David Puaud est un anthropologue, formateur-chercheur qui consacre ses travaux depuis une dizaine d’années sur la gestion des marges urbaines à partir d’enquêtes de terrain menées au sein de quartiers populaires. Son dernier livre, Un monstre humain ?, est un livre passionnant à la naissance originale.
En effet, en 2007, l’auteur alors éducateur de rue dans une petite ville de province découvre à la une d’un journal local le titre suivant "un crime barbare totalement gratuit". En parcourant l’article qui décrit la scène du meurtre et les deux coauteurs présumés, il se surprend à penser immédiatement à l’un des jeunes qu’il suit, intuition qui se révèlera juste. Passée la sidération, il décide de suivre le procès, auquel il sera d’ailleurs appelé à témoigner. Lors de ce procès, le principal accusé se voit souvent assimilé à la figure du "monstre", dénué d’humanité. Or, pour l’auteur, qui a côtoyé ce jeune homme, sa sensibilité et son humanité ne font aucun doute.
La question est alors de savoir comment il a pu en arriver à commettre un acte aussi monstrueux ? Ce sera le point de départ de son enquête de dix ans, l’objet du livre qui vient d’être publié aux éditions de la Découverte. L’auteur a voulu comprendre le passage à l’acte de ce jeune criminel en analysant son parcours de vie.
Et il faut bien dire que le livre est particulièrement intéressant. Il débute par un premier chapitre qui nous raconte le procès en cours d’assise au travers d’analyses psychiatriques et psychologiques faites sur l’accusé et ensuite des différentes plaidoiries. Le verdict tombe, perpétuité avec peine de sûreté de vingt ans. Pour autant, pas de véritable mobile, les experts ont considéré qu’il y avait chez l’accusé un potentiel morbide, un instinct criminel qui aurait pu permettre de prédire ce crime. L’objectif de l’auteur du livre va être alors de confronter cette hypothèse d’explication du crime au terrain.
L’auteur nous raconte alors sa rencontre avec la famille de l’accusé quand il fut en charge de s’en occuper, qui vivait dans un quartier sensible puis de sa rencontre avec l’accusé. Il nous raconte ses petits boulots, fait de chine et d’emplois saisonniers, entrecoupé de périodes de chômage. Il est proche de la communauté gitane, expert en débrouillardise et n’hésite pas à s’orienter vers l’économie illégale pour gagner de l’argent.
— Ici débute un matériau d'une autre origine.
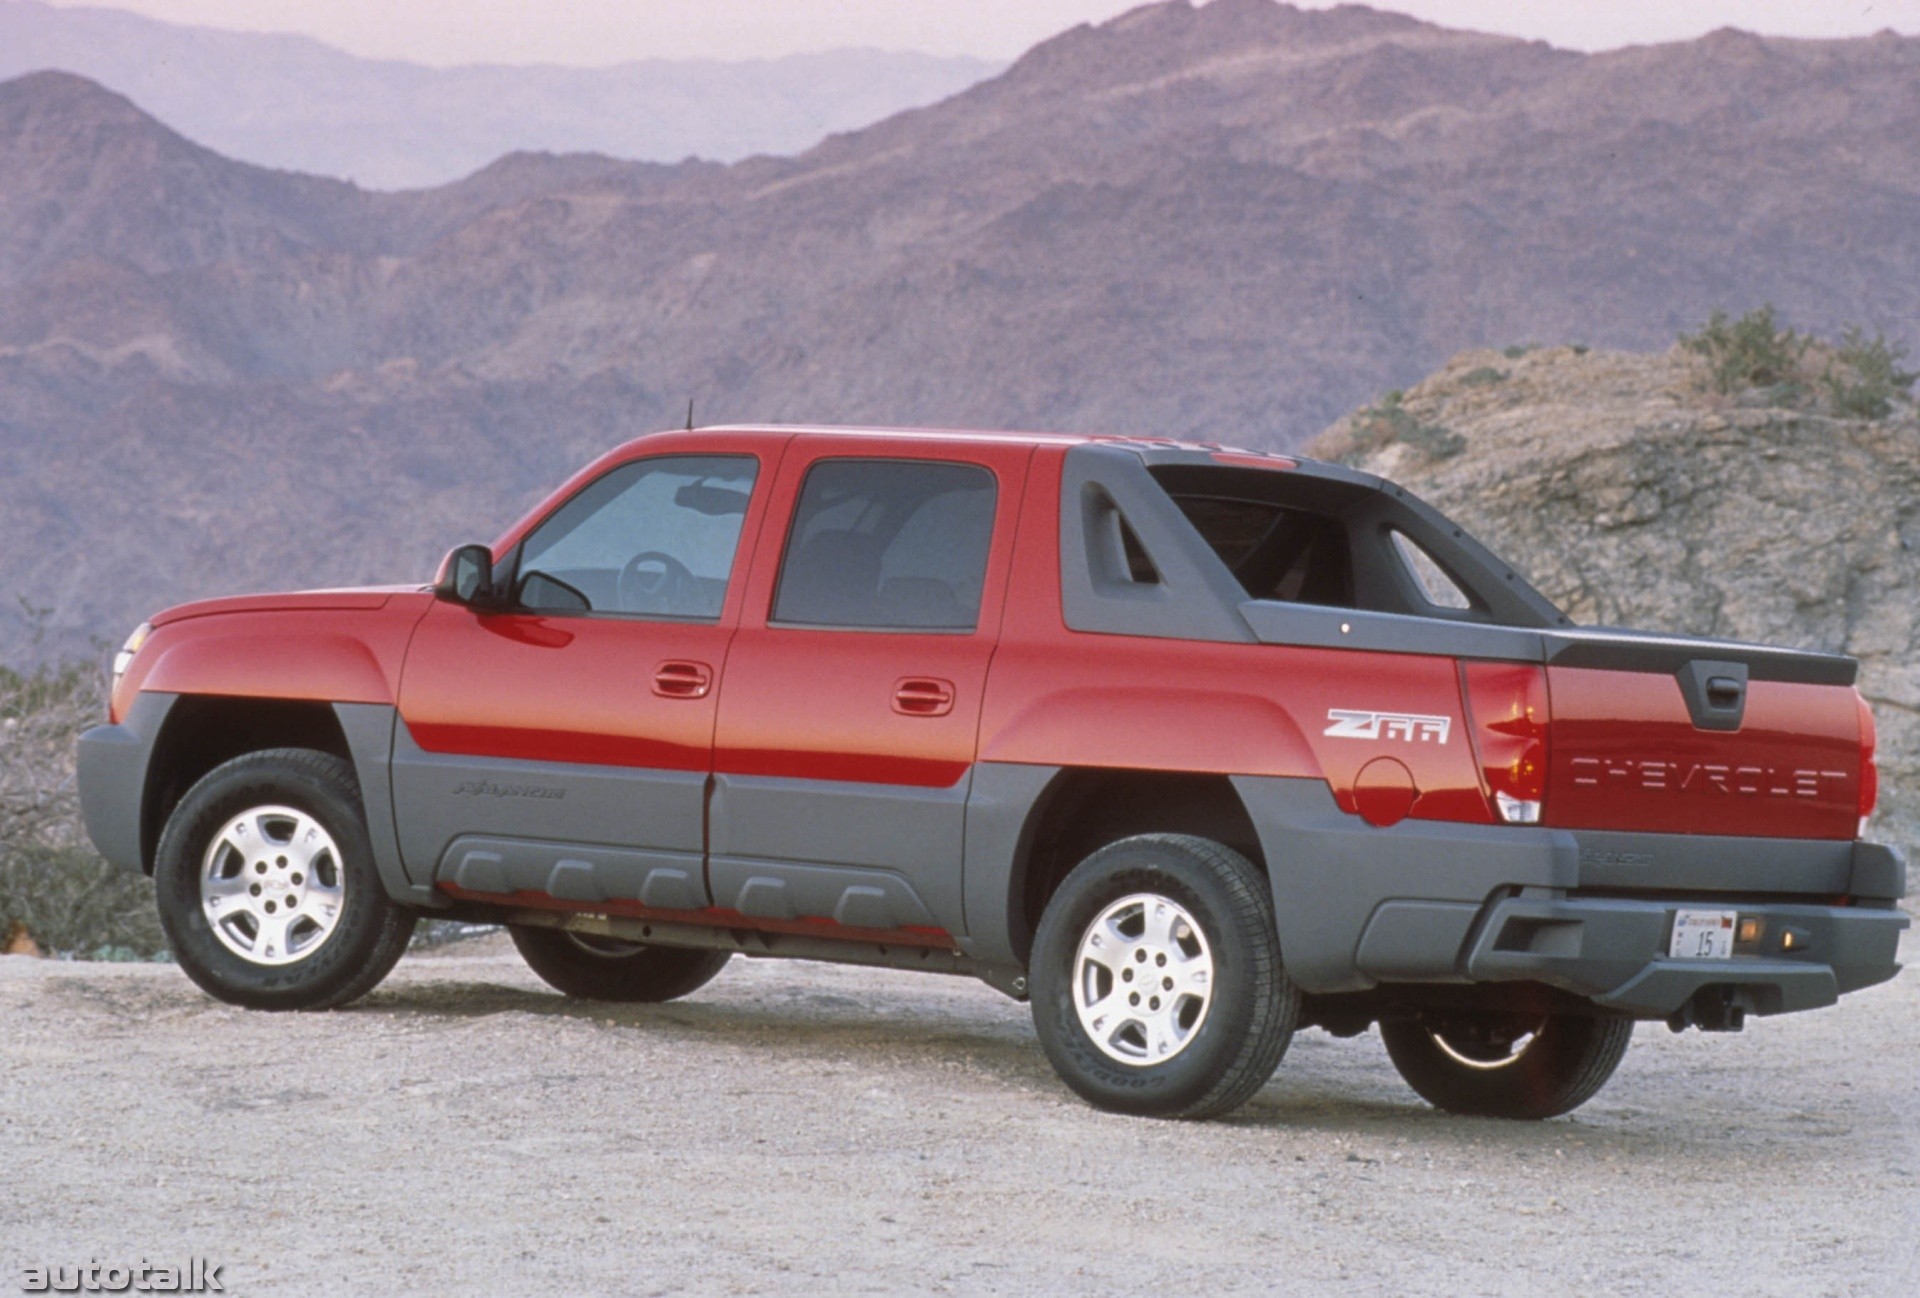 2002 Chevrolet Avalanche

Pour les services sociaux, lui et sa famille sont des "Cas soc’", perçus comme inadaptés par la majorité des institutions d’aides sociales.
Son parcours de vie est ensuite ausculté, fait de violences familiales, de tentative de suicide, de scolarisation compliquée aboutissant rapidement à un décrochage scolaire et de difficultés d’insertion dans le monde professionnel. Son parcours s’apparente vite au parcours du combattant, il devient SDF, se marginalise et tombe vite dans la violence, jusqu’à l’irréparable.
La fin du livre est consacrée à ses visites en prison avant le procès, aux tensions qui ont touché son quartier avant et pendant le procès et au témoignage de l’auteur du livre pendant le procès.
Ce livre d’enquête, qui se lit comme un roman policier, est au final une superbe immersion au sein d’un quartier populaire français, laissé à l’abandon par nos hommes politiques. Pour lui, ce crime est le résultat de multiples facteurs sociaux, institutionnels et familiaux.